The construction of cousin prompts is broader than traditional paraphrase robustness, encompassing compatible distractors and micro-adjusted constraints, which closer mirrors diverse user expressions.
Training experiments provide a practical signal: improving reliability may not require more general instruction data, but rather targeted training on semantically proximate samples.
Test-time scaling analysis is realistic. Rejection sampling can significantly boost reliability if a programmatically verifiable selector exists; however, this highlights the gap between verifiable and open-ended tasks.

Limitations & Future Work¶

The full evaluation cost of IFEval++ is 10x that of IFEval due to more response generation. Future work needs efficient selection of the most discriminative cousin prompts.
Evaluation focuses primarily on format and constraint following, without simultaneous content quality assessment. Models might satisfy formats but provide mediocre content.
Study is primarily English-based. The methodology can be migrated to other languages but requires translation, constraint function adaptation, and language-specific validity checks.
While the validity checker has high recall, it still relies on LLM judgments, which may introduce subtle biases. Stronger programmatic checks or human auditing could enhance credibility.
Improvement strategies only cover representative methods and do not systematically reproduce all instruction-following enhancement techniques.

vs IFEval: IFEval assesses whether a single prompt meets constraints; IFEval++ assesses whether multiple subtle expressions of the same intent are met.
vs Multi-constraint benchmarks: FollowBench and CFBench emphasize constraint types and complexity coverage, while this work emphasizes consistency across semantically proximate samples.
vs pass@k: pass@k represents stability across multiple samplings of the same prompt; reliable@k represents stability across different cousin prompts.
Insight: Future LLM evaluations should include a local perturbation family for every core sample.
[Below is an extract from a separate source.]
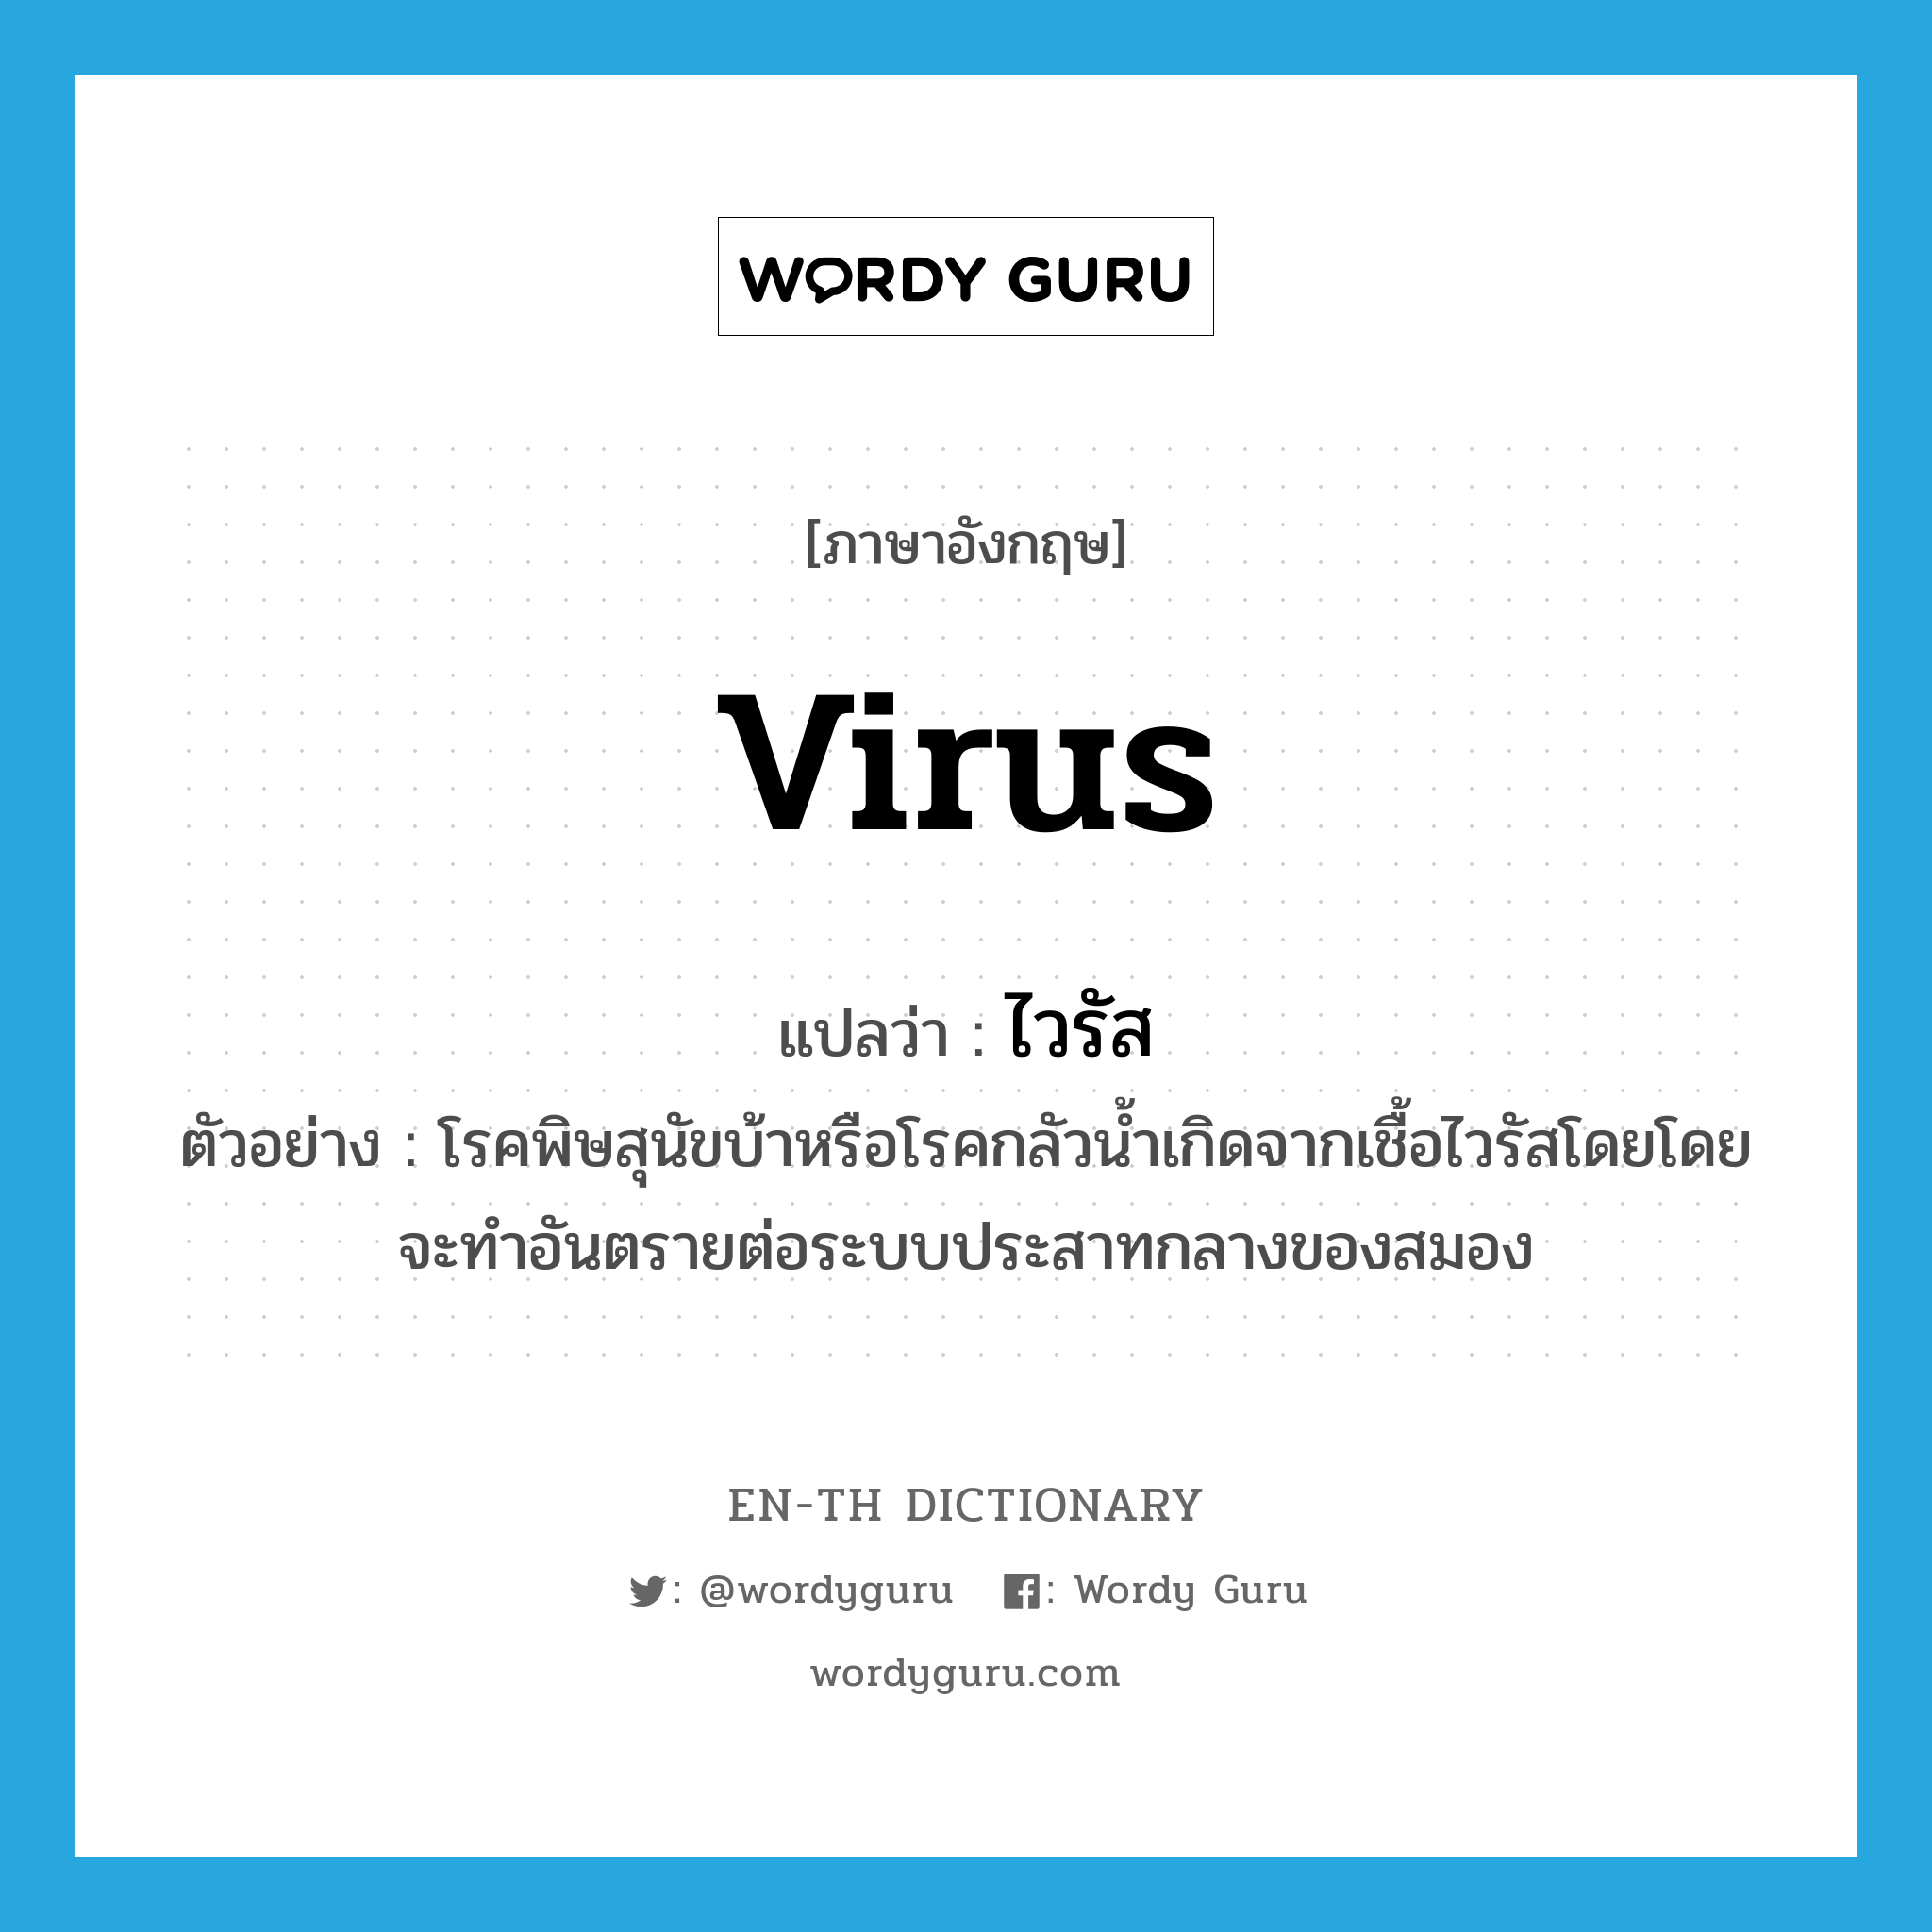 virus แปลว่า?, คำศัพท์ภาษาอังกฤษ virus แปลว่า ไวรัส ประเภท N ตัวอย่าง โรคพิษสุนัขบ้าหรือโรคกลัวน้ำเกิดจากเชื้อไวรัสโดยโดยจะทำอันตรายต่อระบบประสาทกลางของสมอง หมวด N

Model scores should reflect not just "how many tasks were solved" but "consistency across the same capability."

Rating¶

Novelty: ⭐⭐⭐⭐⭐ reliable@k is simple and powerful, making prompt-level stability evaluable at scale.
Experimental Thoroughness: ⭐⭐⭐⭐⭐ Covers 46 models and analyzes scale, time, reasoning, enhancement types, and improvement paths.
Writing Quality: ⭐⭐⭐⭐☆ Clear structure with intuitive examples; dense tables require attention to metric definitions.
Value: ⭐⭐⭐⭐⭐ Direct reference value for LLM evaluation, model release reports, and reliable service monitoring.